Тени заворчали, переглядываясь, понуро покачали головами. Арджуна невидящим взглядом вперился куда-то вдаль. Умом принимали слова командира, а вот сердцем...
– Позволите и мне сказать? – Шалом легко, будто и не было ему шестидесяти, поднялся на ноги и, дождавшись молчаливого внимания в глазах товарищей, продолжил: – Я тоже отсиживался вместе с вами в лесу и лишь время от времени подбирался к деревням. Но, кроме нашего собственного бессилия, я заметил и другое – бессилие самих крестьян. И об этом, я убежден, командир и наши товарищи обязаны поговорить с ними. Армия не в состоянии обеспечить безопасность тех, кто добровольно гнет спину даже тогда, когда того от них не ждут и не требуют. В Огненной Книге говорится о том, что следует подставлять судьбе левую щеку, если она хлестнула по правой. Знаю, нам претит подобная мораль. Но я видел людей, которые подставляют правую щеку, не дожидаясь и намека на удар.
– Кстати, о Книге! Простите за отступление, пока не забыла. К собору ты расскажешь нам о том, что увидел в ее знаках?
– Так точно, командир, – с поклоном ответил травник и вновь устроился рядом с любовником.
Лошадей оставили в лощине, надежно укрытой в непроходимой чаще, и к предполагаемому месту охоты барона Баумгартена добирались пешком. Арджуна шел впереди, пользуясь зоркостью и чуткостью эльфийского слуха, Зося и Саид поотстали.
Мороз, видать, смилостивился, утих, не кусал беспощадно, а ласково обжигал кожу. Лучник то и дело поглядывал на мать. Щеки покрыл румянец, на губах блуждала лукавая улыбка – в предвкушении занимательной беседы с Фридрихом. Белые волосы укрыты ажурной снежной вуалью, глаза холодные, недобрые. «Ведьма», – так называл ее отец. Ни дать, ни взять. И Саид несказанно радовался этому колдовскому огоньку, который день ото дня разгорался в зеленой глубине все ярче.
Летом и осенью Зося осваивалась с тем наследием, которое оставил ей погибший муж. В ее рассуждениях постоянно мелькало: а что бы сказал Раджи, как бы он поступил, что бы в таком случае решил. И тень от пламени его костра казалась теплее, чем ее взгляды. Зося была неизменно спокойной, внимательной к подчиненным, увлеченной делами, да только жизнь будто покинула ее. Однажды Шалом поведал им легенду о големе, глиняном существе, которое двигалось и действовало под влиянием магии. Саид не раз мысленно сравнивал свою мать с големом.
Но вот в разгар лютой стужи она наконец-то заговорила своими словами, начала выдвигать собственные предложения, отстаивать свою правоту, строить лишь ей присущие отношения с подчиненными.

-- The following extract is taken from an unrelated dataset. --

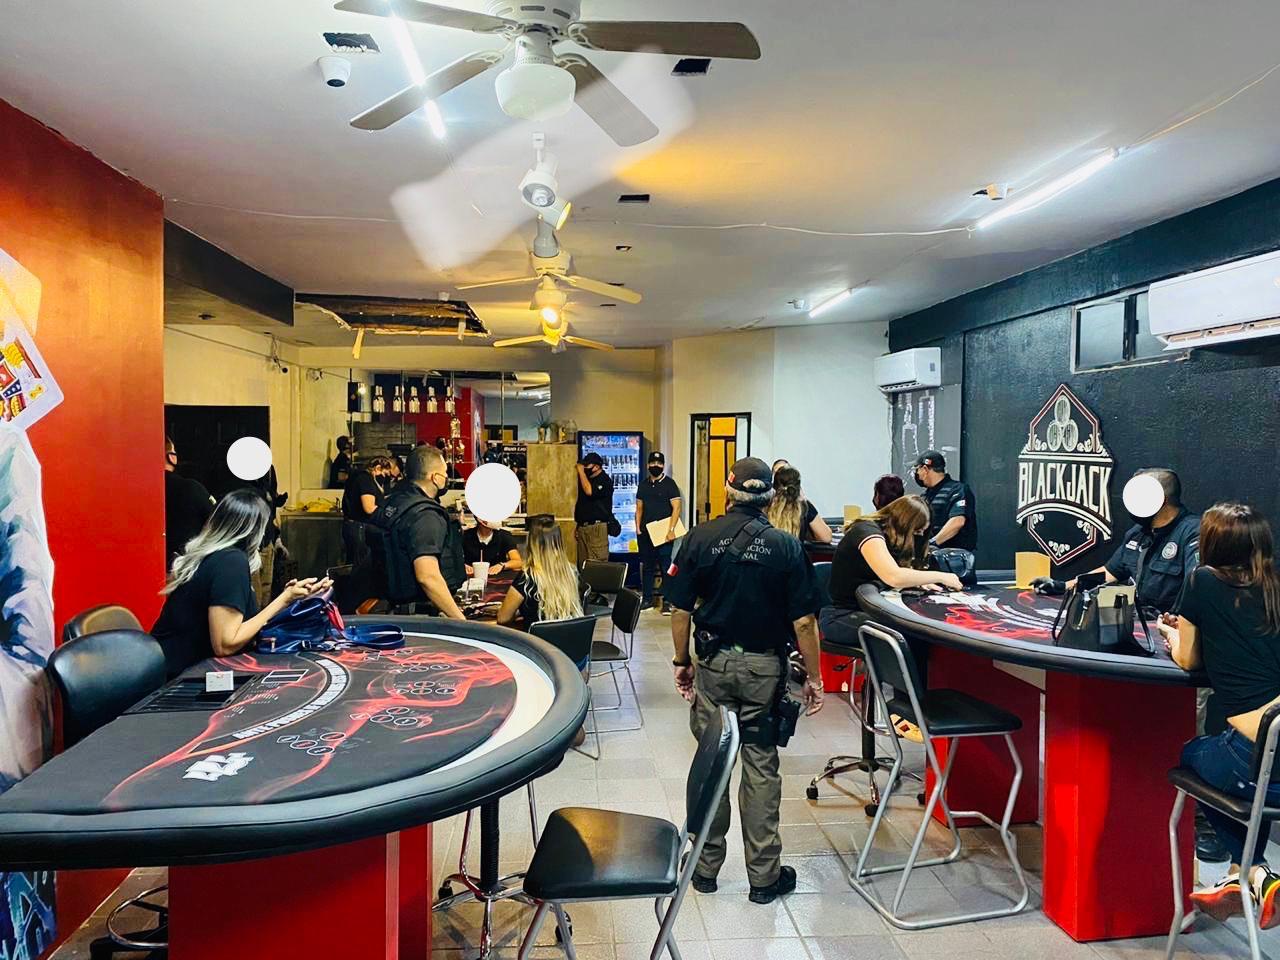 Desmantelan casino ilegal y detienen a 10 personas
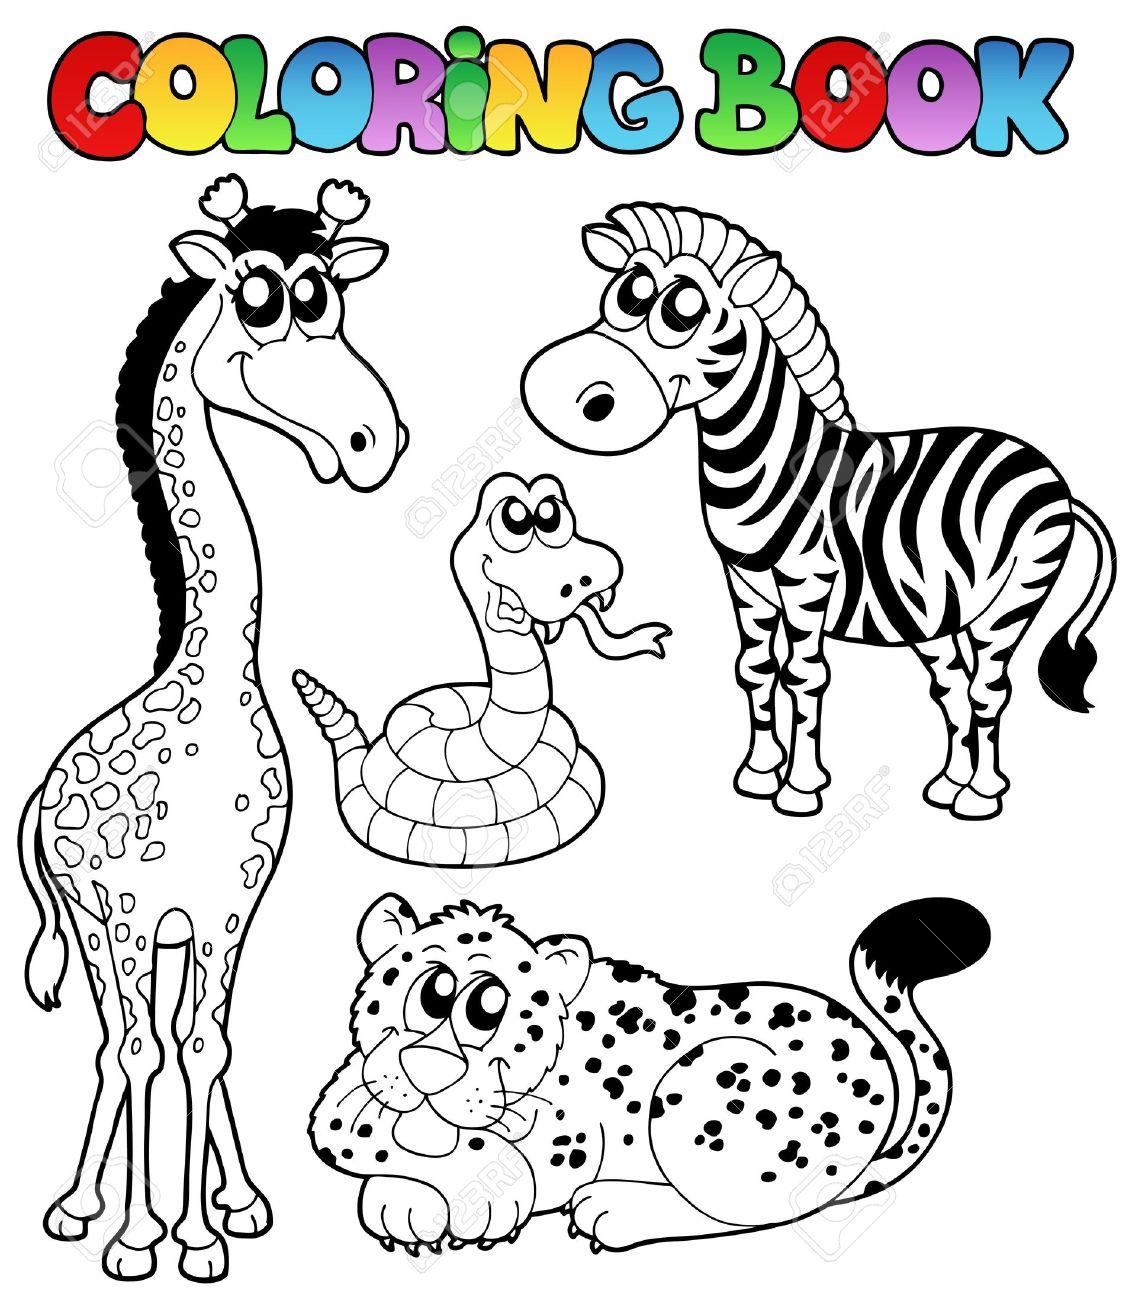 1 - のベクトル イラスト本熱帯動物の着色。 ロイヤリティフリー

– Саид? – Зося удивленно посмотрела на сына, который придержал ее за плечи.
– Не сердишься за то, что я с тобой спорил? – юноша ляпнул первое, что пришло в голову. Не хотел тревожить маму своими подлинными мыслями перед важным делом.
– Глупый, когда я за такое сердилась? – фыркнула ведьма и дернула сына за кудряшку.
Вдали послышался лай собак.
– Вы говорите таким тоном, будто у меня есть выбор. Изысканно издевательская вежливость, – горестно усмехнулся барон, который некстати решил прогуляться в одиночестве, пока его дети и приятели увлеченно травили зверя, и нежданно-негаданно встретил свою бывшую гостью. – Да, разумеется, я сделаю все, что в моих силах, дабы эти письма не попали в руки жены и не были преданы огласке.
– Я рада, что мы поняли друг друга и не стали тратить время на пустые препирательства, – с легким поклоном ответила Зося. Она вышла к Фридриху в одиночестве, зная, что за спиной маячат невидимые даже в этой сплошной белизне тени.
– Лючия... Да, конечно, на самом деле Вас зовут иначе, но Вы ведь не откроете мне своего истинного имени, как и того, в чьих интересах действуете? Так вот. Лючия, ответьте на один-единственный вопрос. Вы поседели. В Вашем возрасте подобное возможно лишь в том случае, если Вы пережили подлинное несчастье. Скорее всего, смерть кого-то близкого. Нежданную, страшную смерть. Лючия, Вы на собственном опыте прочувствовали, что такое потеря. Скажите: как Вы можете после этого гнусно пользоваться моим несчастьем? Шантаж мерзок сам по себе, но шантажировать письмами, которые я сохранил в память о погибшем брате, это... Это чудовищно. Скажите: Вам не стыдно?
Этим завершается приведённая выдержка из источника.